I am new to the the whole audio world- I need some help and advice in connecting these-

ONKYO CD PLAYER C-7030 
Harmon kardon HK 3490 (2 channel stereo Receiver )
Emotiva Preamp- USP-1
Velodyne Impact 10
JBL L 890 towers

Harmon kardon does not have any bass management, that is the reason why I am planning to add the emotiva preamp. It has a high pass and low pass filter. I have attached a pic of the rear panel of all. 

Thank you very much for your time and assistance


----------



## Cash09

I have one question - Is the EMOTIVA USP-1 preamp compatible with the HARMON KARDON hk 3490 receiver?


----------



## NBPk402

It looks like it is... Just hook up your preout on the Emotiva to the main in on your HK. You would also hookup your sub directly to the Emotiva sub output. You are going to be using the receiver as a power amp only... Correct? None of the inputs on the receiver should be hooked... all inputs should be on the Emotiva.


----------



## Cash09

Yes , I will be using the HK3490 as a poweramp.
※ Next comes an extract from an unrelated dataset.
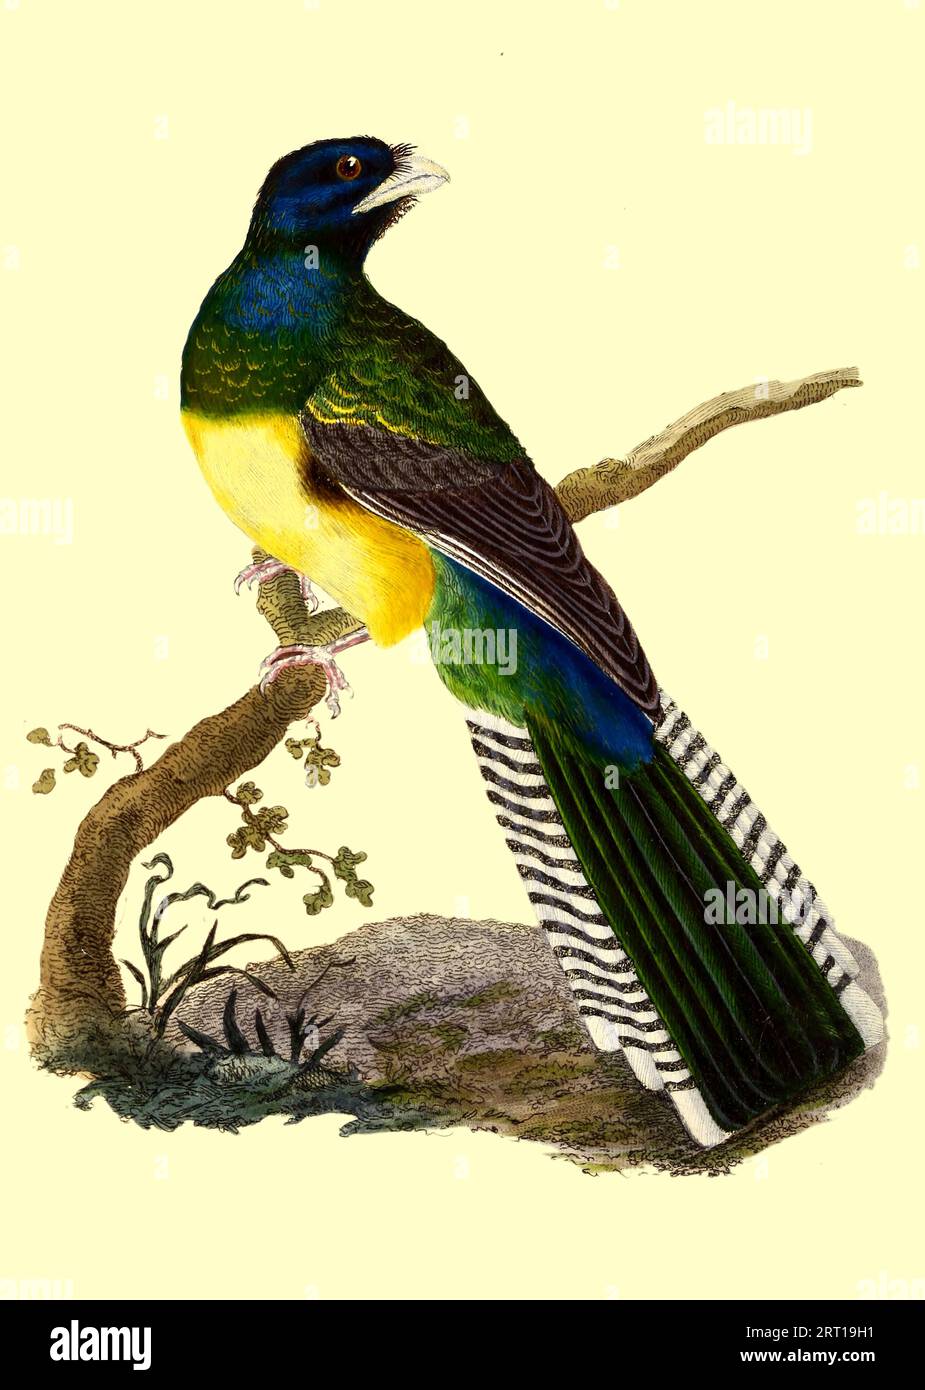 The black-throated trogon, also known as yellow-bellied trogon, (Trogon rufus) [here listed as Viridis, Trogon, Yellow-Bellied Green Trogon or Curucui is a near passerine bird in the trogon family, Trogonidae. Although it is also called 'yellow-bellied trogon' it is not the only trogon with a yellow belly. It breeds in lowlands from Honduras south to western Ecuador and northern Argentina. Coloured Plate from ' The Naturalist's repository, or, Monthly miscellany of exotic natural history by Donovan, E. (Edward), 1768-1837 Volume 1 1823 Consisting of elegantly coloured plates with appropriate s Stock Photo

The whole reason why I am getting a preamp with bass banagement - emotiva USP-1 is to control the bass better. I hope it will help and I will hook the subwoofer to the USP-1 directly, Mainly for music only. Looking forward to upgrade my subwoofer to a RYTHMIK-12 by christmas.


----------



## Cash09

ellisr63 said:


> It looks like it is... Just hook up your preout on the Emotiva to the main in on your HK. You would also hookup your sub directly to the Emotiva sub output. You are going to be using the receiver as a power amp only... Correct? None of the inputs on the receiver should be hooked... all inputs should be on the Emotiva.



Where should i hook up the preout from the EMOTIVA ? The mains ? which means do you mean? Yes I will hook my CD player to the EMOTIVA


----------



## NBPk402

Cash09 said:


> Where should i hook up the preout from the EMOTIVA ? The mains ? which means do you mean? Yes I will hook my CD player to the EMOTIVA


Emotiva pre out (l+r) go to the mains in on the HK (l+r)
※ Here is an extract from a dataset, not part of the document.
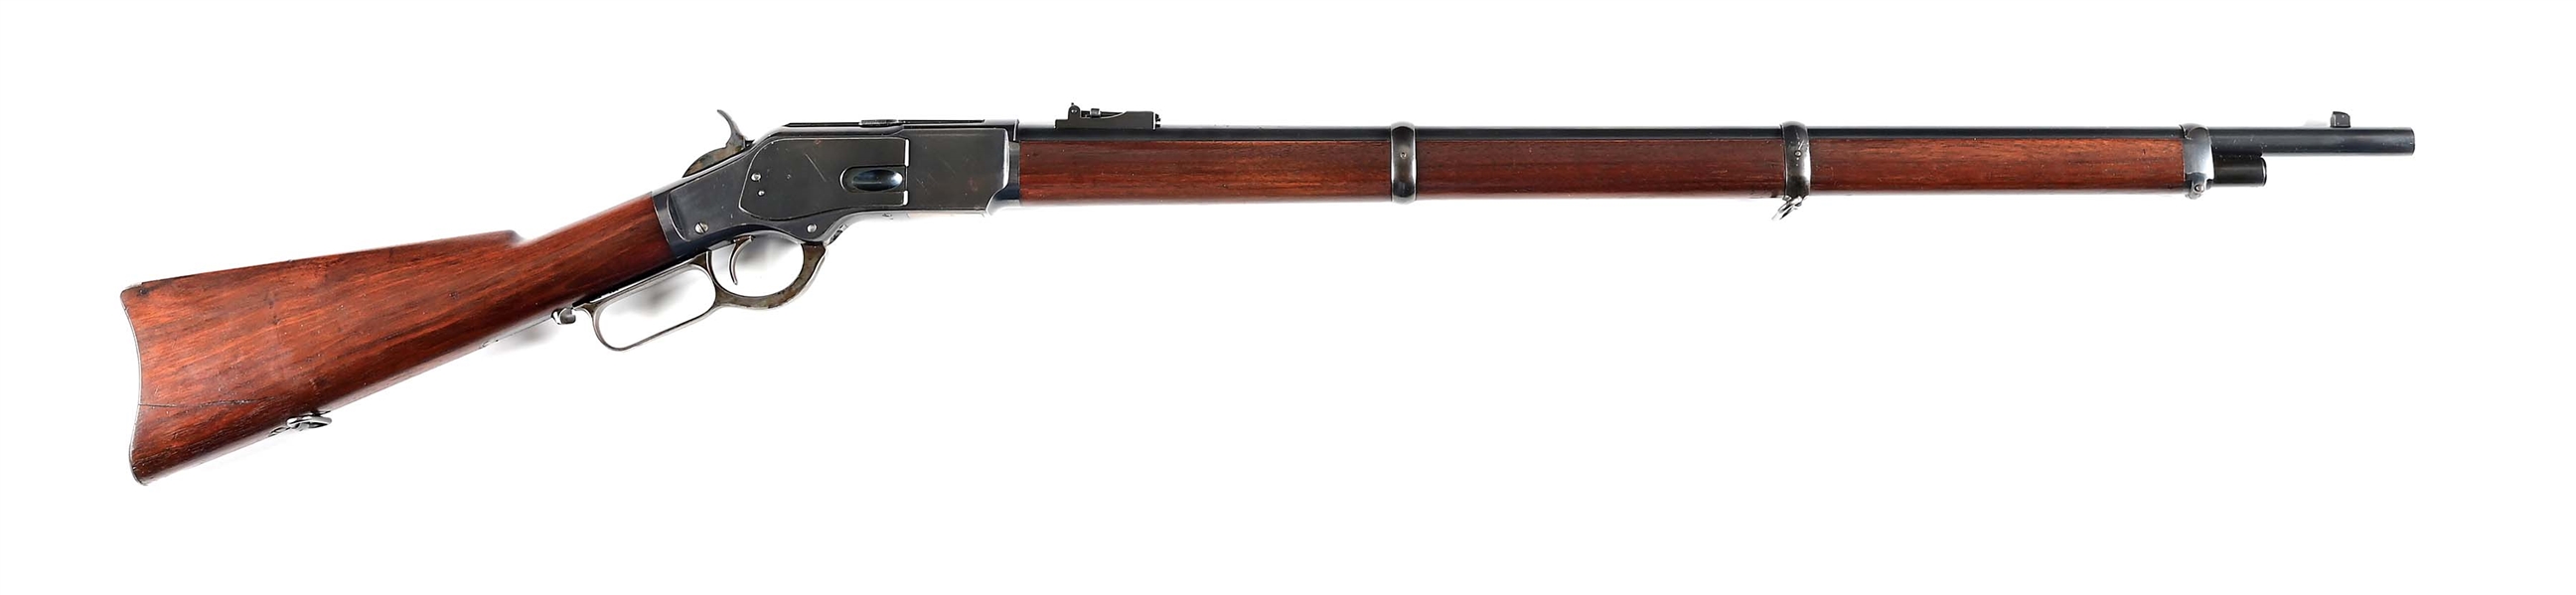 (C) HIGH CONDITION WINCHESTER MODEL 1873 MUSKET.

Does that make sense now? The pic shows the mains as full range... If you don't want them to be full range then you can use the ones next to it and choose your crossover point. I use mine in full range.


----------



## Cash09

but I dont want my speakers running on full range , thats the whole purpose of me buying the EMOTIVA. Shouldnt I run the High pass from the emotiva to the harmon kardon ?

I am sorry if I am asking a dumb question.

Thank you for your advice


----------



## Wayne A. Pflughaupt

If you don’t want to run your main speakers full range, then yes - you should use the Emotiva’s high pass outputs.

Regards, 
Wayne


----------



## Cash09

Thank you so much guys. I am getting ready to buy the USP-1. One final advice , will this make a huge difference in my 2.1 music quality ? This is a huge investment for me. I hope I am making the right decision.


----------



## Wayne A. Pflughaupt

Cash09 said:


> One final advice , will this make a huge difference in my 2.1 music quality ?


Not likely a _huge_ difference, but that depends on how good your ears are, and your speakers, and whether or not the HK you were using previously is decidedly sub-standard. However, the bass management aspect itself should make an audible improvement.


Regards, 
Wayne


----------



## Cash09

Thank you guys. I appreciate it alot !


----------